被索引的JSON文档默认地会存放在_source
字段中,并且将被所有get
和search
请求返回。这给予你直接从搜索结果获取原始对象的能力,而不需要二次请求,从一个ID查询对象。注意:被索引的JSON字符串将被返回给你,即使他包含了非法的JSON。这个字段的内容不暗示任何关于在这个对象中的数据已被索引的信息。
term(项)
A term is an exact value that is indexed in elasticsearch. The terms foo, Foo, FOO are NOT equivalent. Terms (i.e. exact values) can be searched for using term queries. See also text and analysis.

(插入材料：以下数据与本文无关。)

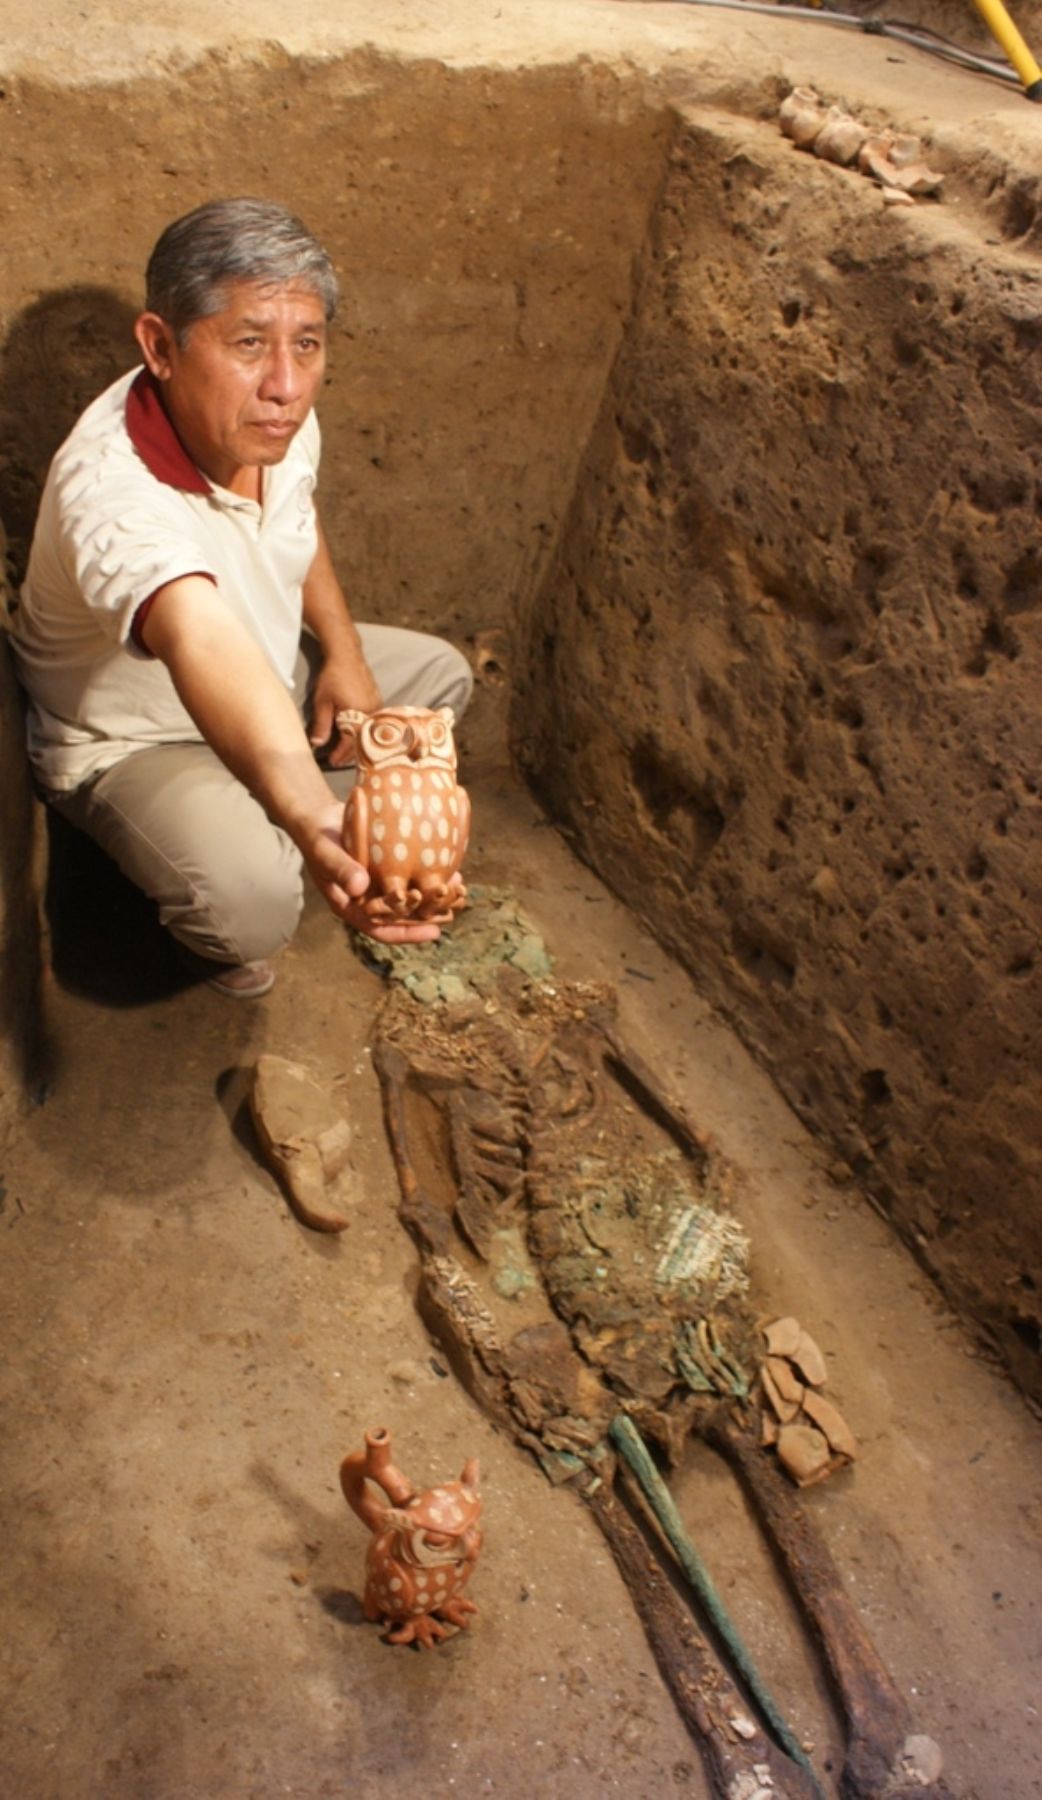 Arqueólogo Luis Chero muestra cerámica en forma de búho encontrada junto a restos de joven noble en el complejo arqueológico de Huaca Rajada-Sipán. Foto: ANDINA/Silvia Depaz.

项是在ES中被索引的确切的值。项foo、Foo、FOO不是等价的。项(确切值)可以通过term查询而被搜索到。请查看文本(term)和分析(analysis)。
text(文本)
Text (or full text) is ordinary unstructured text, such as this paragraph. By default, text will be analyzed into terms, which is what is actually stored in the index. Text fields need to be analyzed at index time in order to be searchable as full text, and keywords in full text queries must be analyzed at search time to produce (and search for) the same terms that were generated at index time. See also term and analysis.
文本(或者全文)是一般的非结构化文本,就像这篇文章。文本默认地会被分析成项(term),项是直接存放在索引中的。文本的字段需要在索引时被分析,从而可以作为全文可搜索的,而在全文查询中的关键词(keyword)必须在搜索时进行分析来产生(和检索)在索引时生成的同样的项(term)。请查看项(term)和分析(analysis)。
type(类型)
A type is like a table in a relational database. Each type has a list of fields that can be specified for documents of that type. The mapping defines how each field in the document is analyzed.
类型如同关系数据库中的表。每个类型有一个字段的列表,该列表可以被指定为该类型的文档。映射则定义了文档的每个字段将如何被分析。